Esta atitude que os Magos e Ivo tinham em comum manifesta a humildade confiante necessária para se aproximar de Deus: ela abriu a ambos um novo caminho. Avisados em sonho para não voltarem para voltarem para Jerusalém, os Magos retornaram a sua terra, seguindo outro caminho. Este sonho os convidou a mudar de caminho, a deixar os caminhos do mundo e escolher os caminhos de Deus. Claramente é um chamado para uma conversão radical.

Do mesmo modo, Ivo foi tocado pela miséria no seu tempo e foi inflamado pelo desejo de servir a justiça: seguiu o mesmo caminho de conversão até o despojamento mais extremo, a fim se tornar o testemunha do amor e da compaixão de Deus para com os pobres.

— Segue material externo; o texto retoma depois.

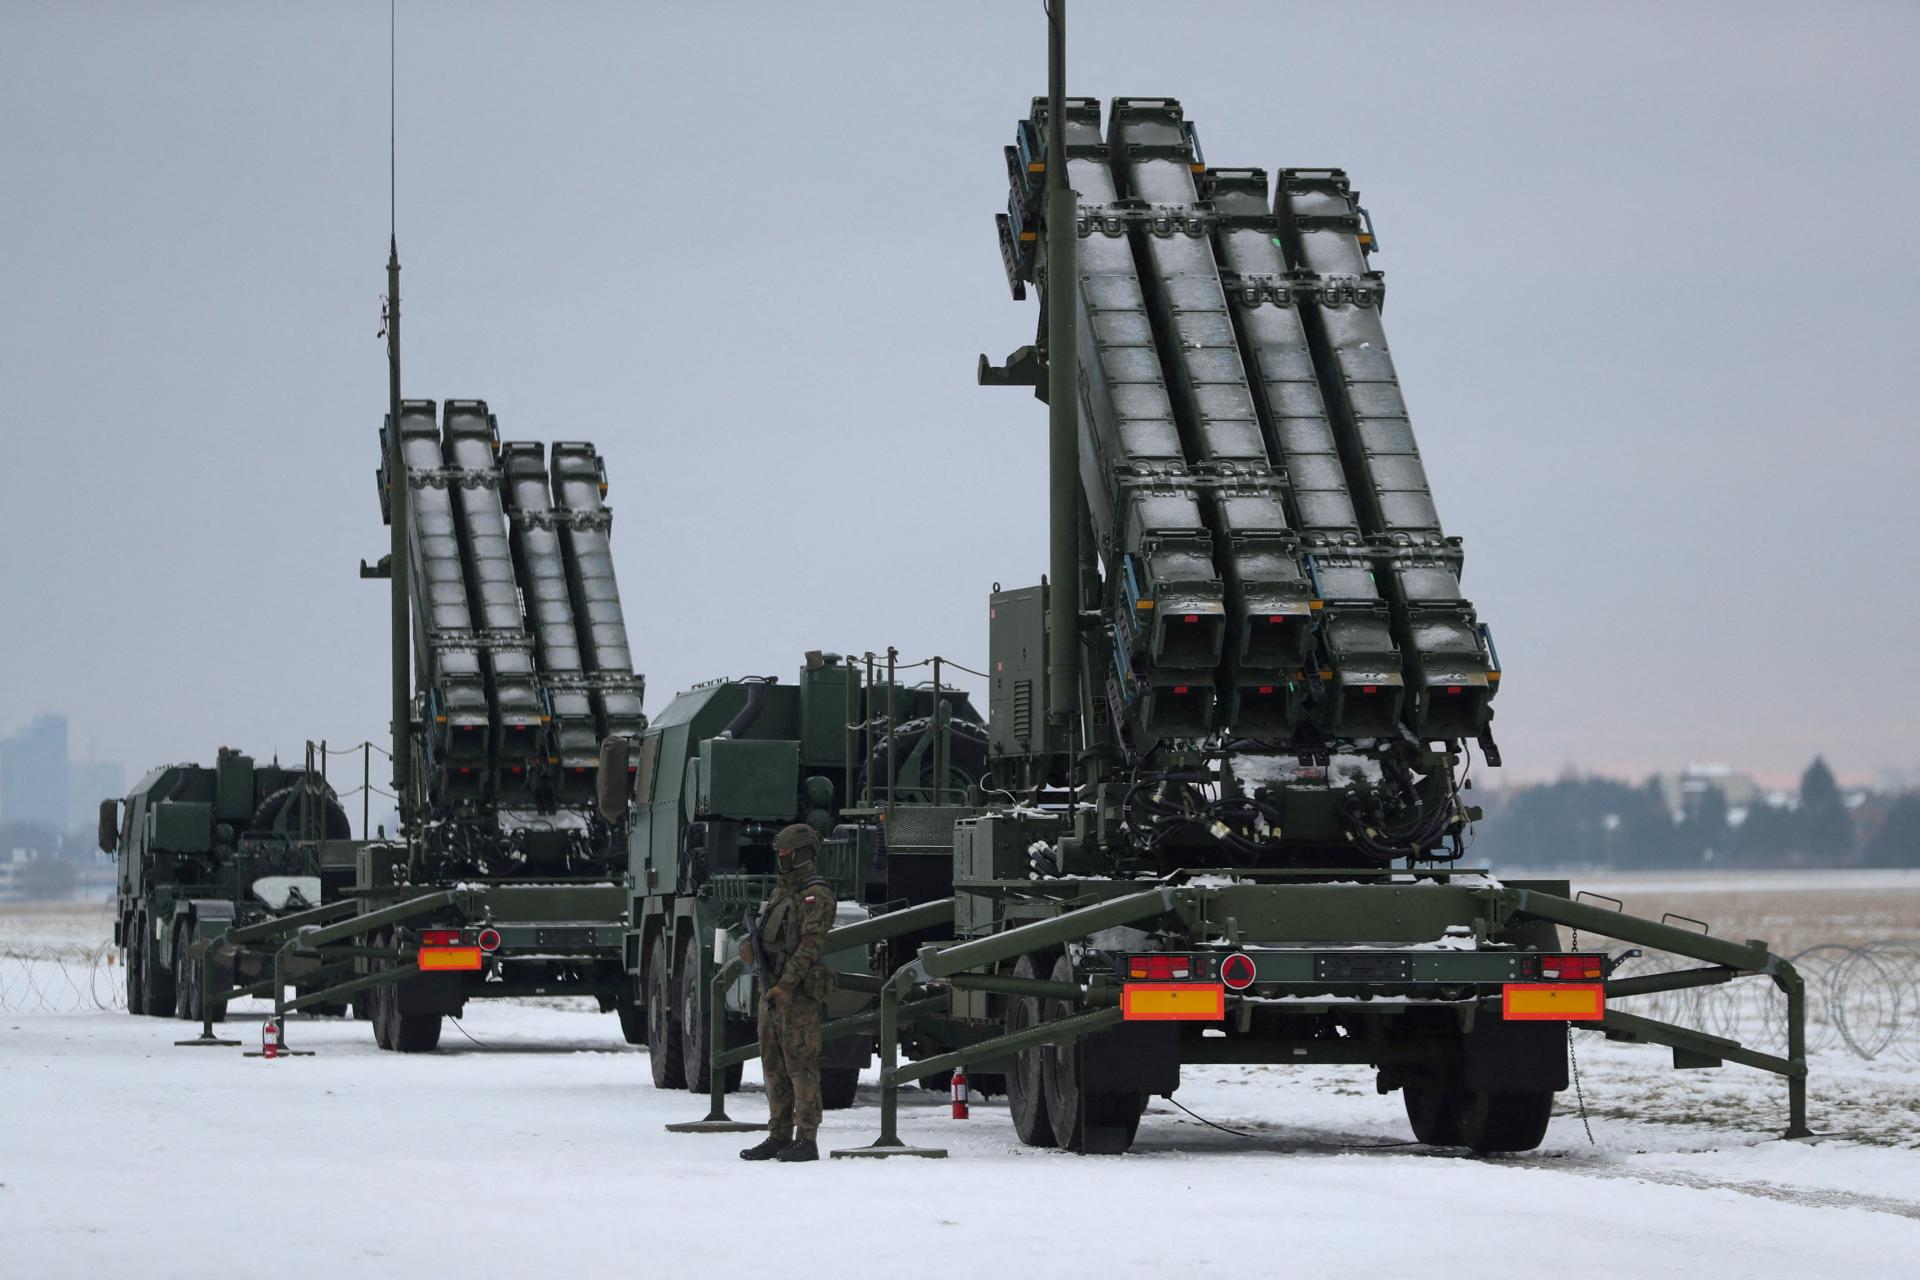 Nemecko takmer po roku z Poľska sťahuje svoje protiletecké systémy Patriot

image014É interessante notar que, em todas estas pinturas, os magos e os seus guardas são vestidos com roupas da época do artista, seja da Baixa ou do Alta Idade Média, seja da Renascença. Isso também é válido para com as imagens de granito sobre os “Calvaires” da Bretanha que ilustram os artigos precedentes. Aliás, a decoração é da Europa, não da Terra Santa.

Ora, hoje em dia, a representação contemporânea no mesmo espírito poderia figurar três carros de luxo, estacionados no bairro duma favela numa cidade de médio porte. Um pertenceria ao presidente duma companhia multinacional – e representaria o ter -, o outro pertenceria a um chefe de Estado – que representaria o poder -, e o último a um cientista famoso – que representaria o saber-. Ambos prestariam homenagem a um recém nascido escondido numa pobre casa de blocos de cimento. Não seria grande exagero colocar, em vez dos pastores, alguns vendedores ambulantes, desprezados hoje em dia assim como os pastores eram desprezados pelos judeus e que preferiam vê-los nas colinas fora da cidade do que nas suas ruas. O mérito de Santo Ivo foi, uma vez mais, reconhecer nestes mendigos repugnantes que ele acolhia ou nos pobres malabaristas, membros do povo eleito e bem-amados do Senhor… como ele mesmo se encarnou.